Stored data -
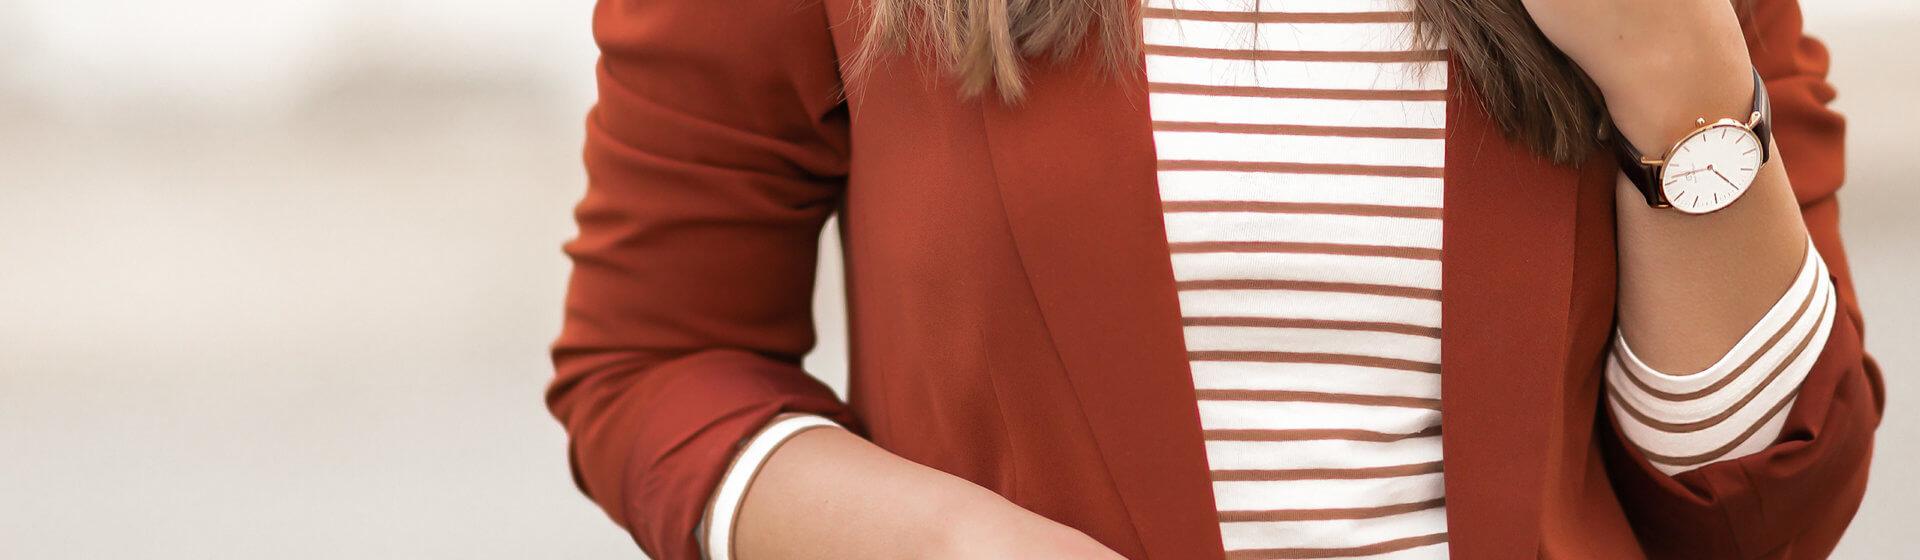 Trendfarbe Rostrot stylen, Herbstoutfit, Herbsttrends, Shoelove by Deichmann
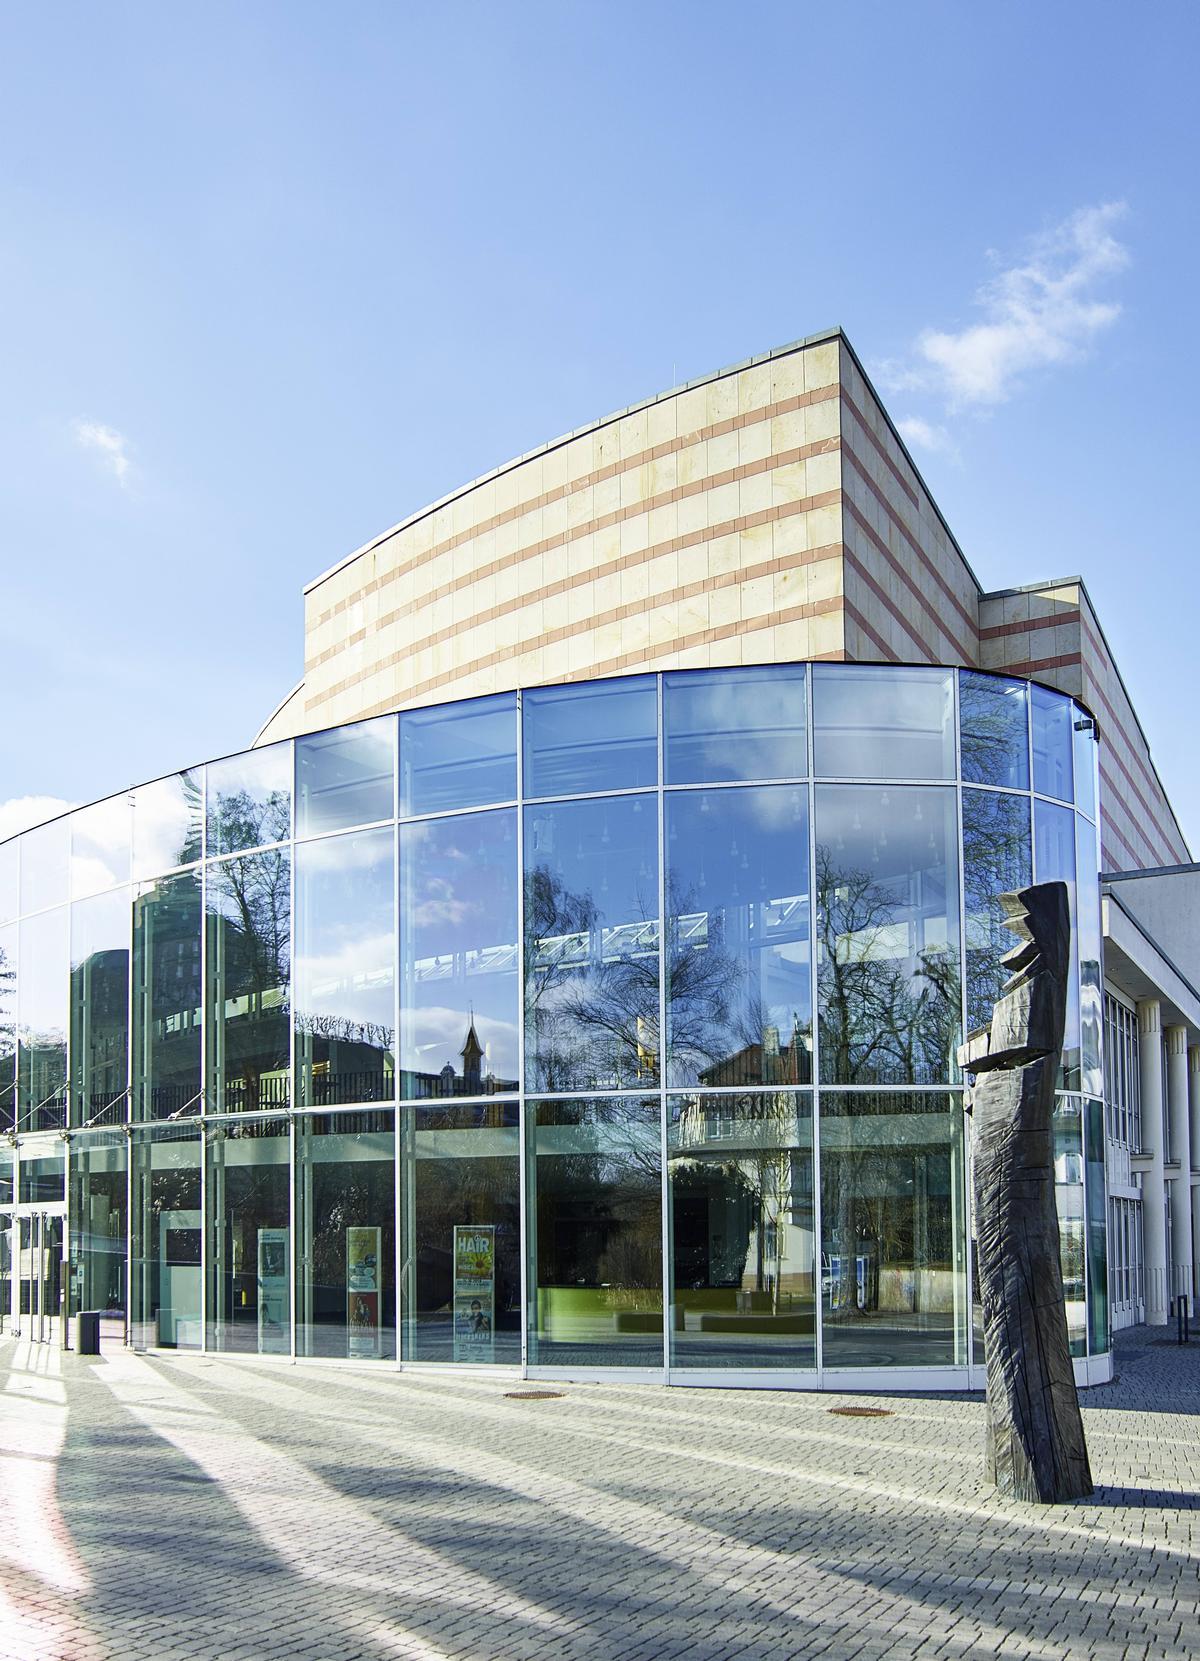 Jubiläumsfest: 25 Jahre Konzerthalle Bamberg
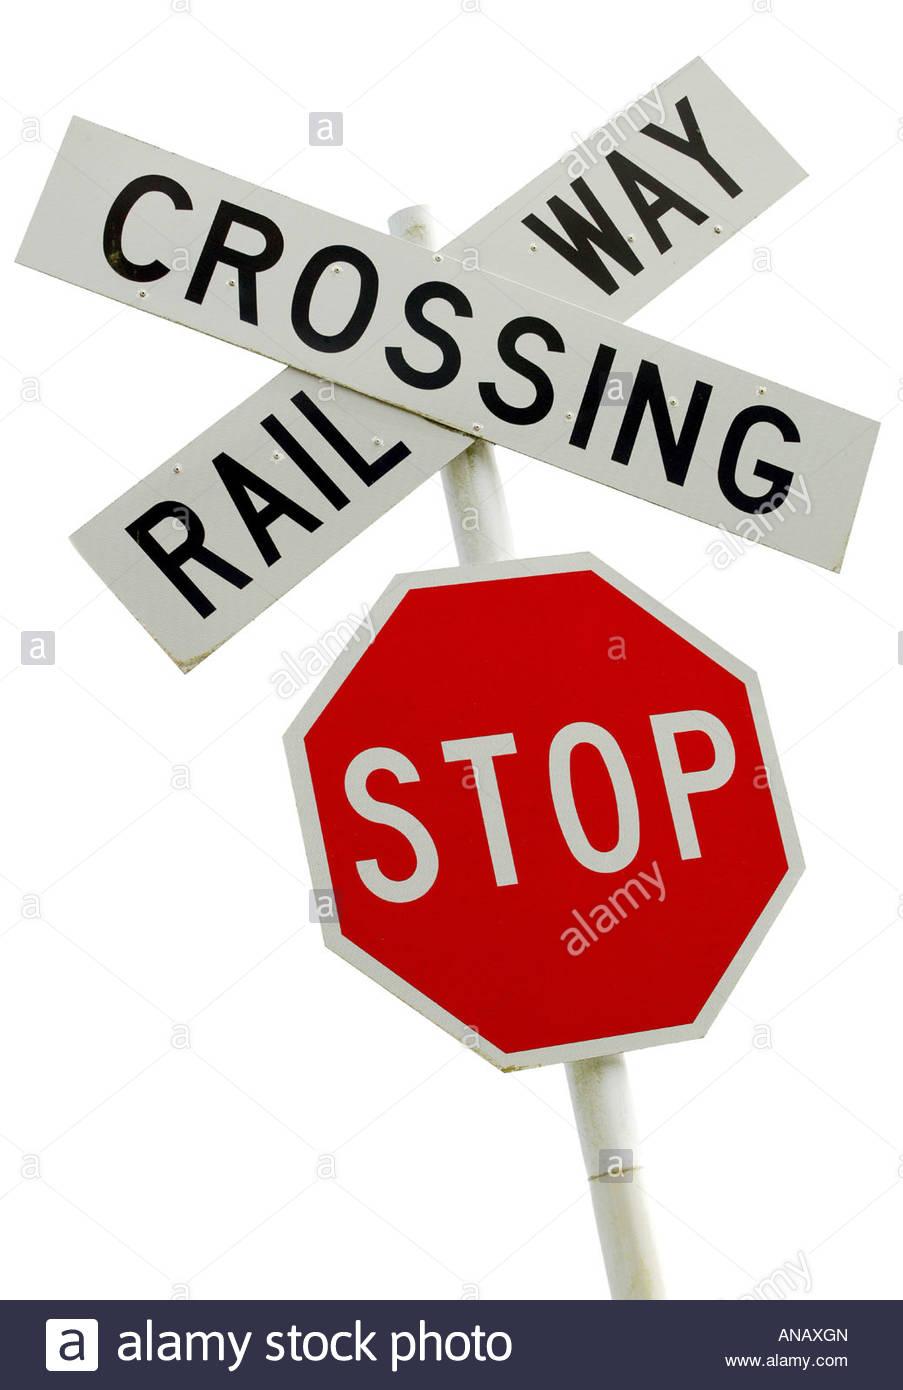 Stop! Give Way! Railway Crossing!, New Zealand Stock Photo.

What you are asked to do -
The whole listing should be retyped word for word; none of its pictures belong in the copy.

Response to this exercise -
 Trendfarbe Rostrot stylen, Herbstoutfit, Herbsttrends, Shoelove by Deichmann
 Jubiläumsfest: 25 Jahre Konzerthalle Bamberg
 Stop! Give Way! Railway Crossing!, New Zealand Stock Photo.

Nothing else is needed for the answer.